Extract a line if it contains a word in a specified column

Question

I want to extract a line if it contains a word in a specified column of a textfile. How can i do it on a one-liner unix command to do it? Maybe with cat, echo, cut, grep with several piples or something.

I have a textfile that looked with this format

#SentenceID<tab>Sentence1<tab>Sentence2<tab>Other_unknown_number_of_columns<tab> ...

An example of the textfile looks like this:

021348  this is the english sentence with coach .   c'est la phrase française avec l'entraîneur .   And then there are several nonsense columns like these  .
923458  this is a another english sentence without the word .   c'est une phrase d'une autre anglais sans le bus mot .  whatever foo bar    nonsense columns    2134234 $%^&

The command should output if the word i am looking for is coach in the 2nd column:

021348  this is the english sentence with coach .   c'est la phrase française avec l'entraîneur .   And then there are several nonsense columns like these  .
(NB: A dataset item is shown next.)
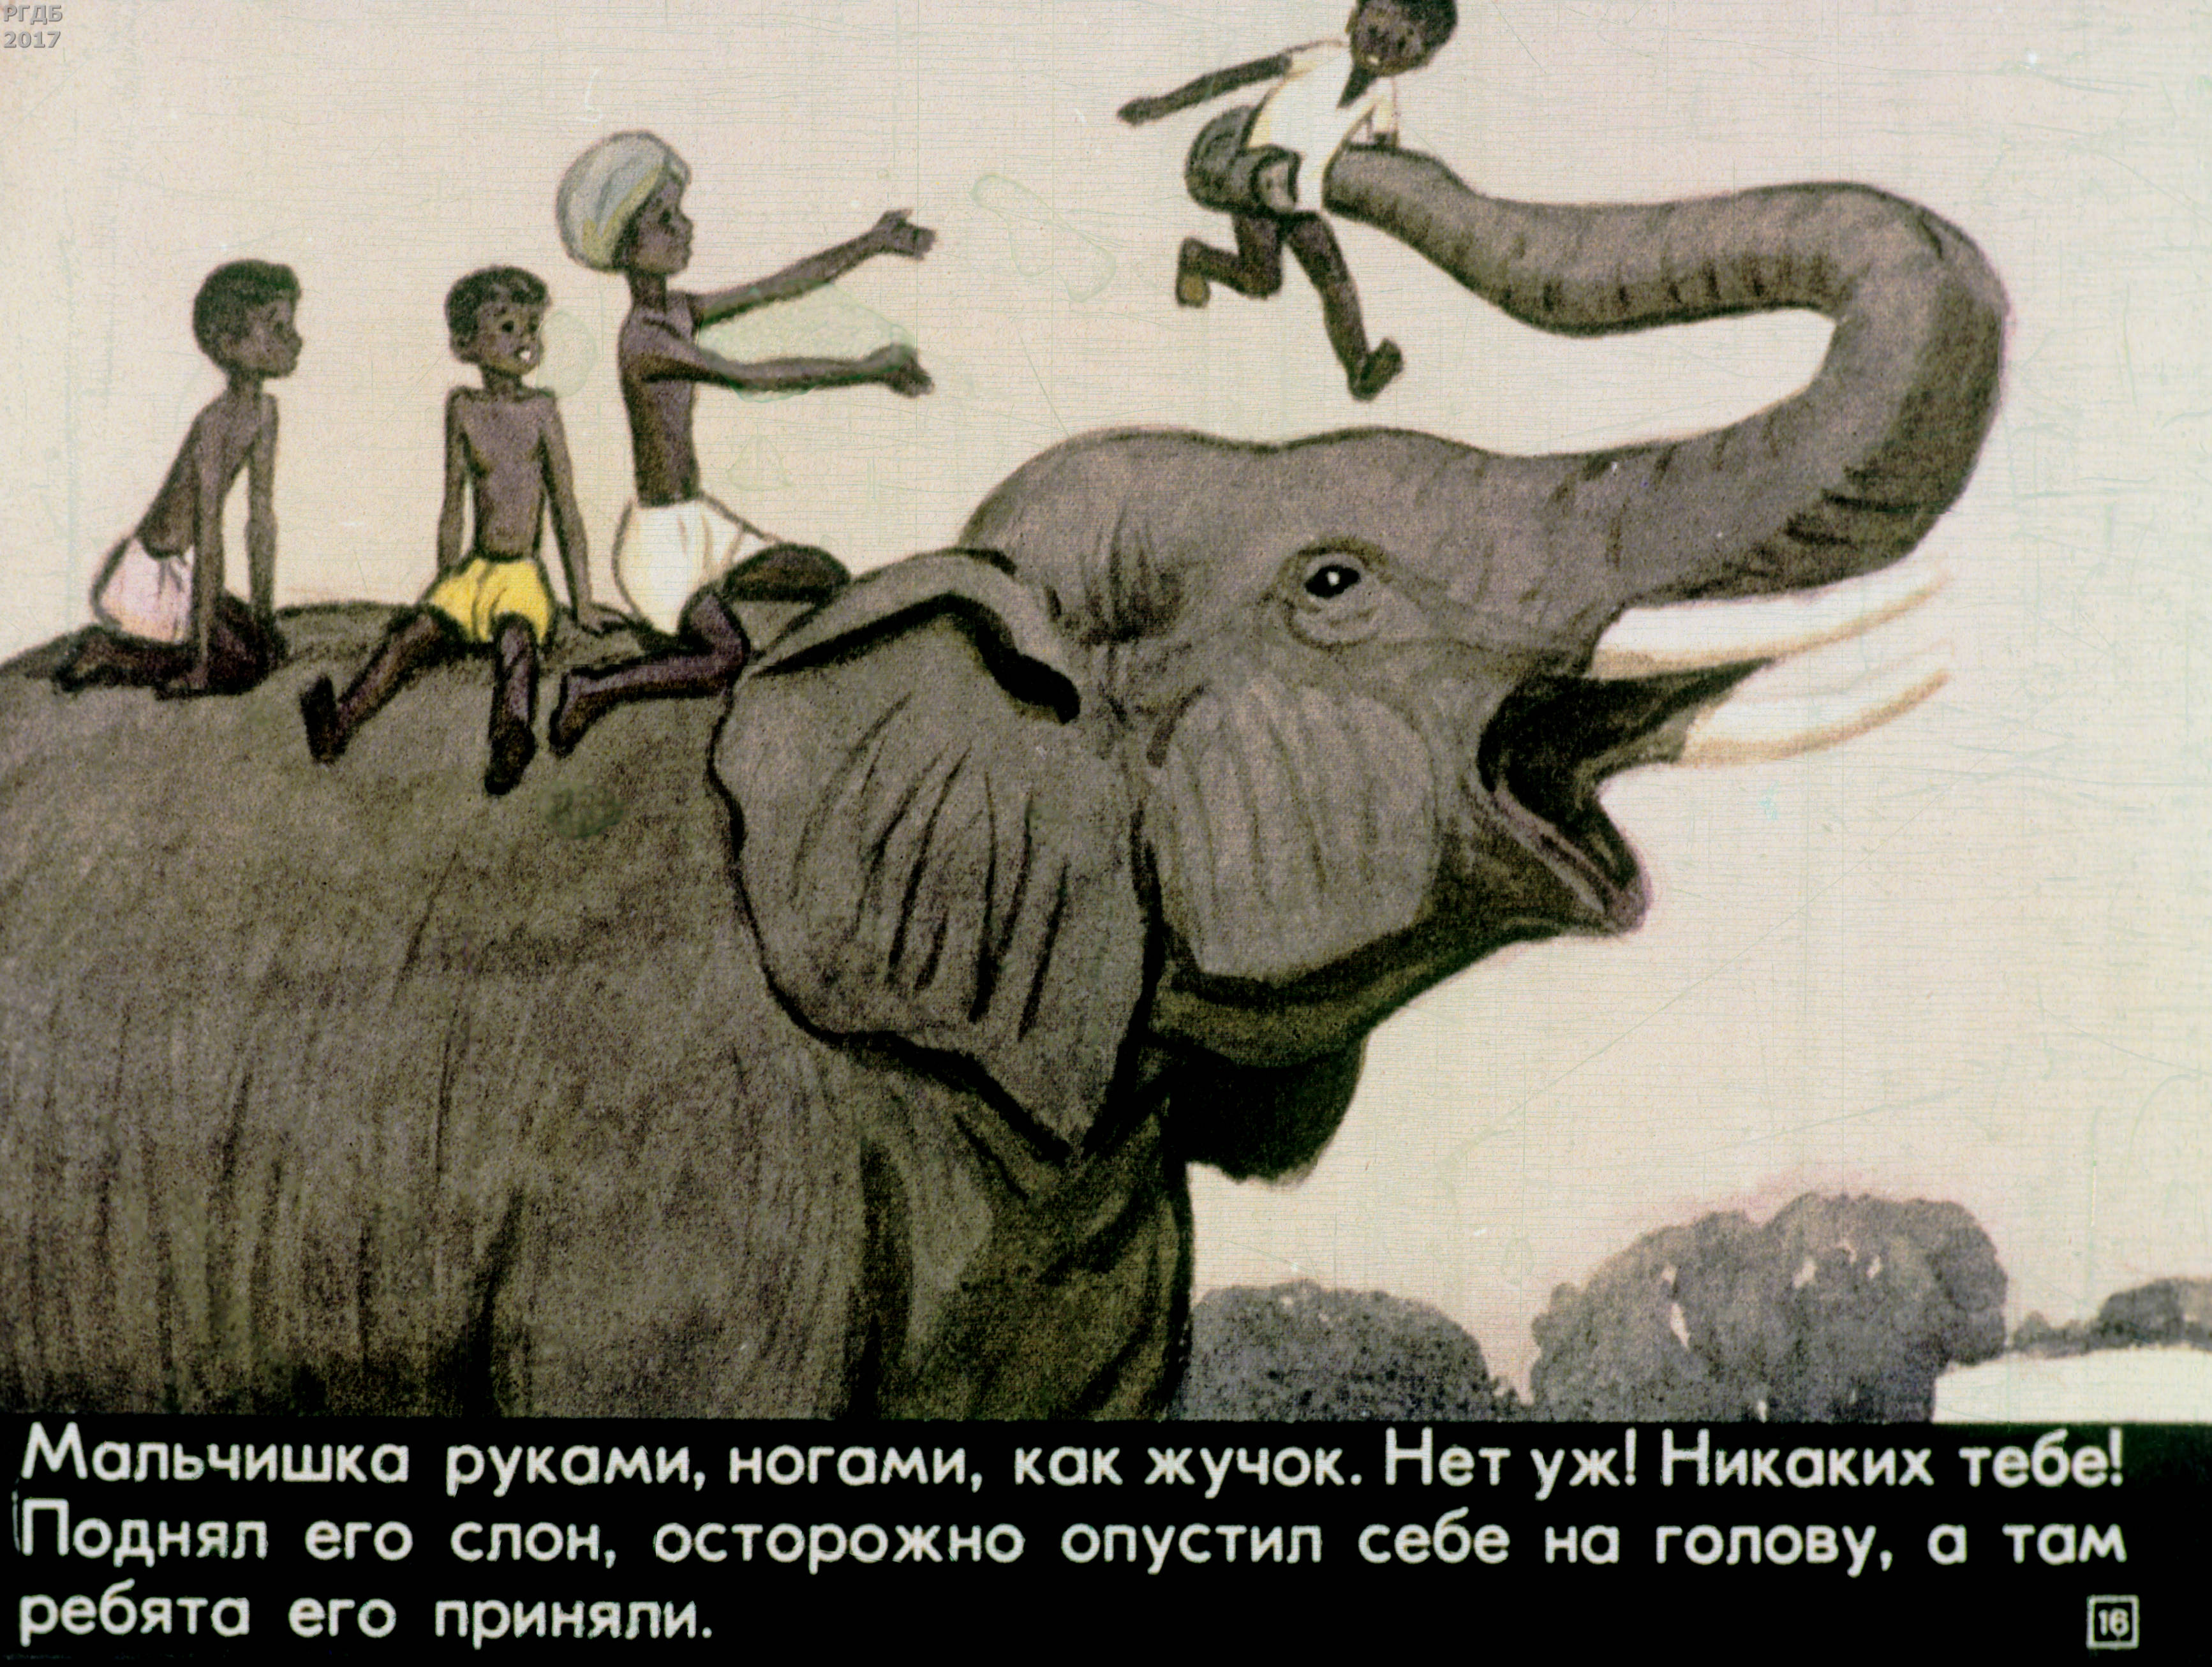 Читать про слона. Рассказ про слона Житков. Рассказ Житкова про слона. Диафильм Житков про слона.
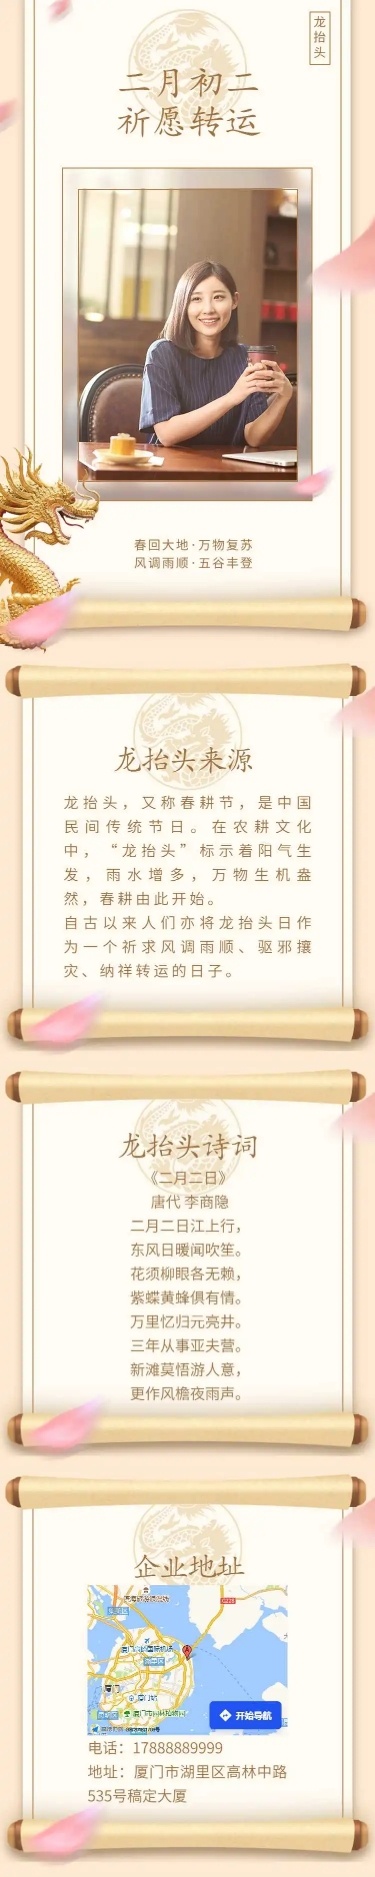 H5长页节日二月二龙抬头节日祝福问候企业宣传节日科普

I can do it with python as such, but i'm looking for a unix command or something one-liner:

outfile = open('out.txt')
for line in open('in.txt'):
  if "coach" in line.split():
    print>>outfile, line

Answer 1

What about this?

awk -F'\t' '{if($2 ~ "coach") print} your_file

• -F'\t' --> makes the delimiter to be the tab.
• $2 ~ "coach" --> looks for "coach" in the second field.
• print $0 or print --> prints the whole line.

Edit

sudo_O has suggested the following, which is even shorter:

awk -F'\t' '$2~/coach/' file

Answer 2

For this kind of needs I always use awk :

awk -F'\t' '$2 ~ /coach/ {print $0;}' < textFile

You have access to all columns with $x, $0 contains the entire line. The test is made with regexp, quite simple in this case, so it's really powerfull if your need gets more complicated.